Он покраснел и ничего не ответил, но мне казалось, что слова мои были ему очень приятны. Он еще немного походил по комнате молча, затем посмотрел на часы и сказал:
— Ну, надо ложиться. Уже поздно.
Он взял свое ружье и охотничий нож, который принесли к нам в комнату, спрятал их в шкаф, запер и вынул ключ.
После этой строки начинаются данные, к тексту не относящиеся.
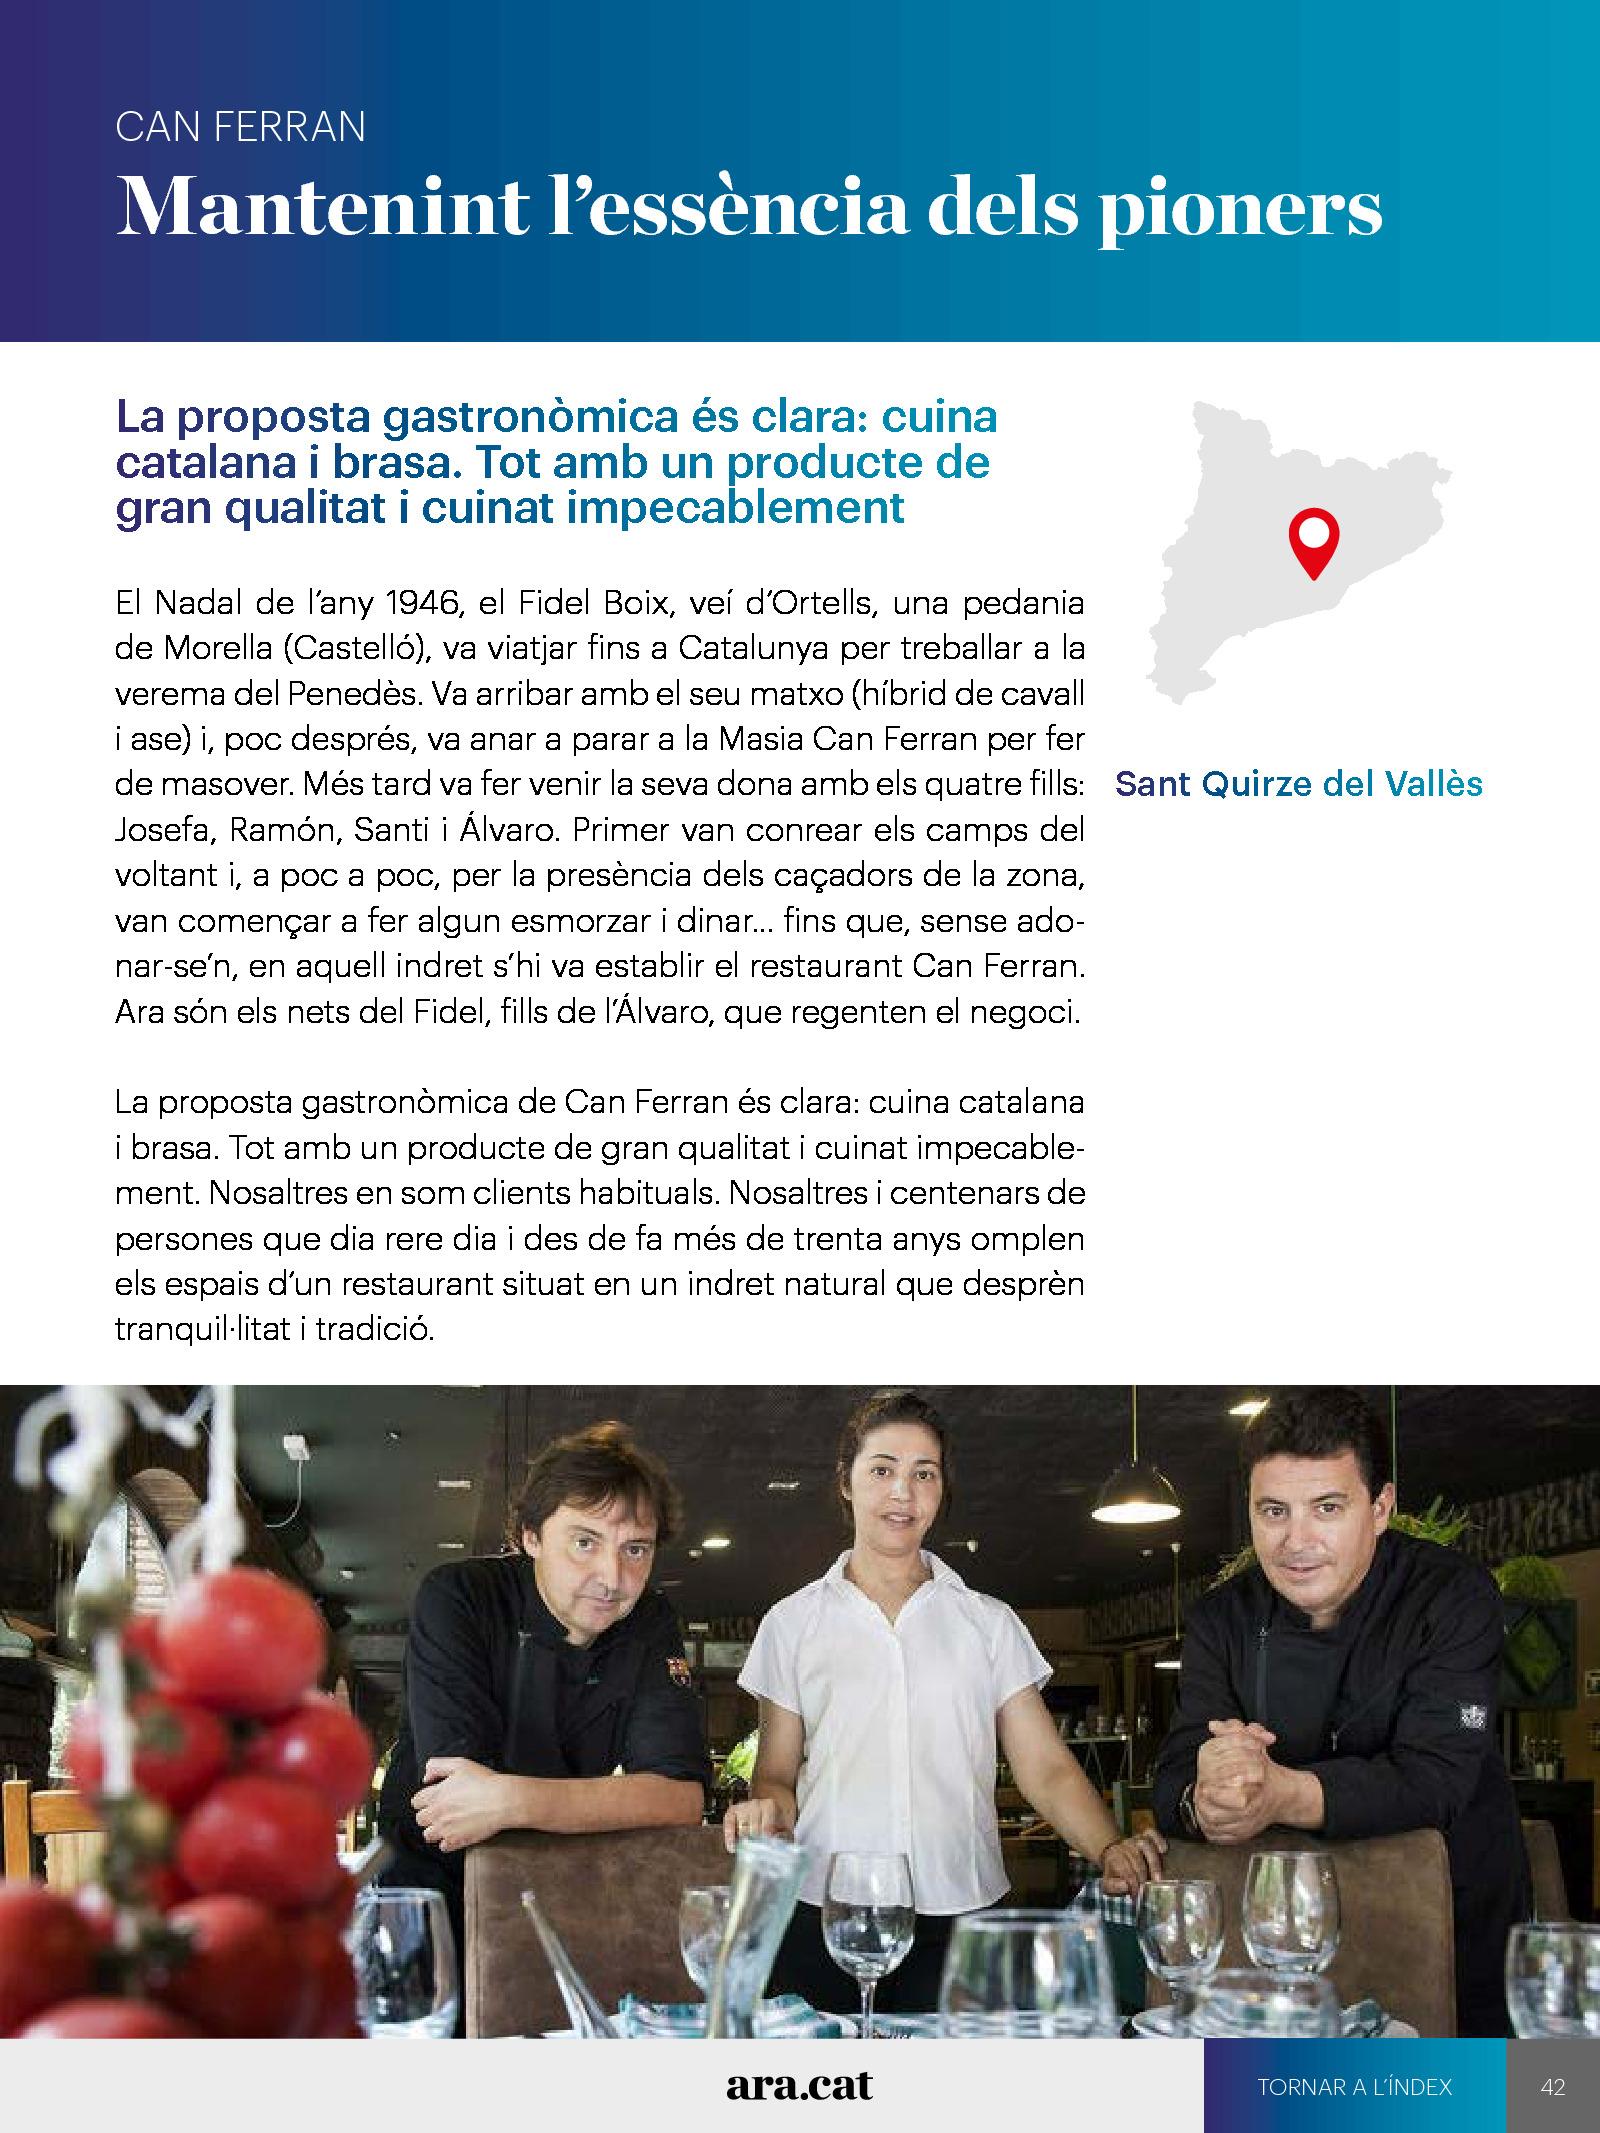 La volta gastronòmica a Catalunya 3

— Пожалуйста, спрячьте его, — сказал он, к величайшему моему удивлению, протягивая мне ключ, — я могу позабыть. У вас, конечно, память лучше, чем у меня.
— Лучшее средство не забыть оружия, — заметил я, — это положить его на стол возле вашего дивана.
— Нет… Говоря откровенно, я не люблю иметь подле себя оружие, когда сплю… И вот почему. Когда я служил в гродненских гусарах, мне как-то пришлось ночевать в одной комнате с товарищем. Пистолеты лежали на столе около меня. Ночью я просыпаюсь от выстрела. В руках у меня пистолет. Я, оказывается, выстрелил, а пуля пролетела в двух вершках от головы моего товарища… Я так и не мог вспомнить, что мне пригрезилось.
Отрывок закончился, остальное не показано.